En el momento del caso, los militares varones no tenían que demostrar que sus esposas eran dependientes para obtener beneficios, mientras que las mujeres que buscaban los mismos beneficios para sus maridos, tenían que demostrar que dependían de sus esposas durante más de la mitad de los años. su apoyo. El teniente Sharron Frontiero, de la Fuerza Aérea de los Estados Unidos, tuvo que hacerlo y demandó, argumentando que la regla era discriminatoria.

Antecedentes históricos

En Reed v. Reed, la Corte Suprema derogó una ley de Idaho que hacía legal preferir a los administradores masculinos de un testamento a las mujeres. Basaron esto en la Decimocuarta Enmienda, que contiene dos cláusulas importantes que brindan protección a los ciudadanos de los estados: la cláusula de protección igualitaria , que establece que todos son iguales ante la ley, y la cláusula del debido proceso , que requiere que antes el gobierno pueda tomar quitar la vida, la libertad o la propiedad de alguien, tenía que haber un proceso judicial.

Problema y decisión

La Corte Suprema se ocupó de la cuestión de si los militares violaron la cláusula de protección igualitaria de la 14ª Enmienda, al exigir que los cónyuges de los miembros femeninos demuestren su condición de dependientes, sin hacer lo mismo con los cónyuges de los miembros masculinos. El Tribunal dictaminó que sí.

El gobierno argumentó que «dado que los hombres son generalmente el sostén de la familia en la sociedad y las mujeres generalmente son las dependientes», no gastar los fondos para verificar las solicitudes daría lugar a «ahorros considerables». El juez William Brennan emitió la opinión del corte para la mayoría, y dijo que aunque el argumento del gobierno no carecía de mérito ya que el 99 por ciento de los militares eran hombres, esto no era razón suficiente para permitir que los militares discriminaran por motivos de género.

Escribió que el género es una clase protegida , lo que significa que la historia ha demostrado que ese grupo es víctima de una discriminación odiosa. Esto también significa que cuando se analizan las leyes o cualquier acción gubernamental que discrimine facialmente (lo que significa que la ley está escrita para tratar al grupo de manera perjudicial) sobre la base del género, la ley debe revisarse bajo el estricto estándar de escrutinio . Esto significa que para ser constitucional, una ley discriminatoria debe:

  1. Promover un interés gubernamental convincente, y
  2. Esté diseñado estrictamente para lograr ese interés.

Antes del presente caso, la Corte Suprema empleó la prueba de la base racional , lo que significa que el gobierno solo necesita mostrar una base racional a un interés gubernamental legítimo para apoyar una ley discriminatoria. Esta fue la prueba que la Corte utilizó en Reed , sin embargo, Brennan razonó que basarse en la prueba de base racional para cuestiones de género era insuficiente. Habló de la discriminación que habían sufrido las mujeres en el pasado, tanto en su situación social como jurídica. Dijo: «Las clasificaciones basadas en el sexo, como las clasificaciones basadas en la raza, la enajenación u origen nacional, son intrínsecamente sospechosas y, por lo tanto, deben estar sujetas a un estricto escrutinio judicial».

Disentimiento

El juez William Rehnquist discrepó, citando la opinión del juez de primera instancia Richard Rives, quien concluyó que el estándar de revisión en casos de discriminación de género es la prueba de base racional. Escribió: « En el área de la economía y el bienestar social, un Estado no viola la Cláusula de Igualdad de Protección simplemente porque las clasificaciones hechas por sus leyes sean imperfectas ». Reconoció que la ley era discriminatoria y que las mujeres sufrían bajo ella.
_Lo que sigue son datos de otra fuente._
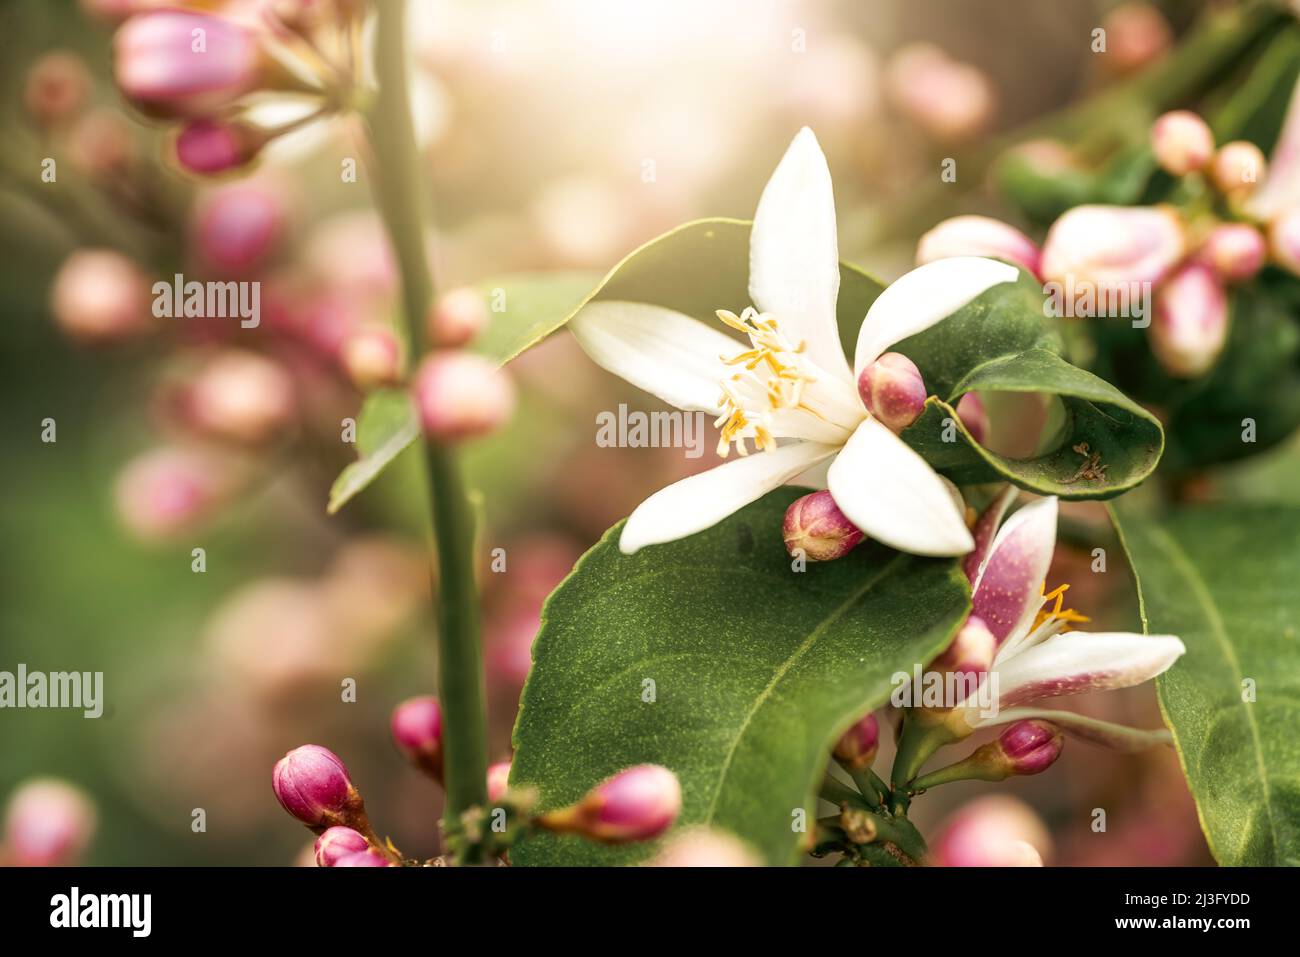 Macro fotografia di primo piano, fiori di agrumi rosa e bianco. Foto di alta qualità Foto Stock

Sin embargo, el equilibrio del interés económico de los militares, con más de un millón de miembros masculinos, y el trato diferente a las menos de cien mil mujeres, no generó una violación suficiente de sus derechos. Dijo: “El Tribunal no es insensible a la seriedad de estos agravios, pero opina que se trata de agravios erróneos, resultado de un malentendido del propósito legal. Las clasificaciones que establecen estos estatutos son puramente administrativas y económicas, que solo se basan en parte en el sexo ».

Resumen de la lección

La teniente Sharron Frontiero demandó a los militares alegando que su regla que requiere que solo las esposas de los miembros femeninos deben verificar su estado de dependencia viola sus derechos de igual protección de la 14ª Enmienda, que requiere que todos sean tratados por igual según la ley. La Corte Suprema falló a su favor citando Reed v. Reed , en el cual sostuvieron que una ley de Idaho, que otorgaba preferencia legal a los administradores de patrimonio masculinos, violaba la cláusula de protección desigual de la 14ª Enmienda.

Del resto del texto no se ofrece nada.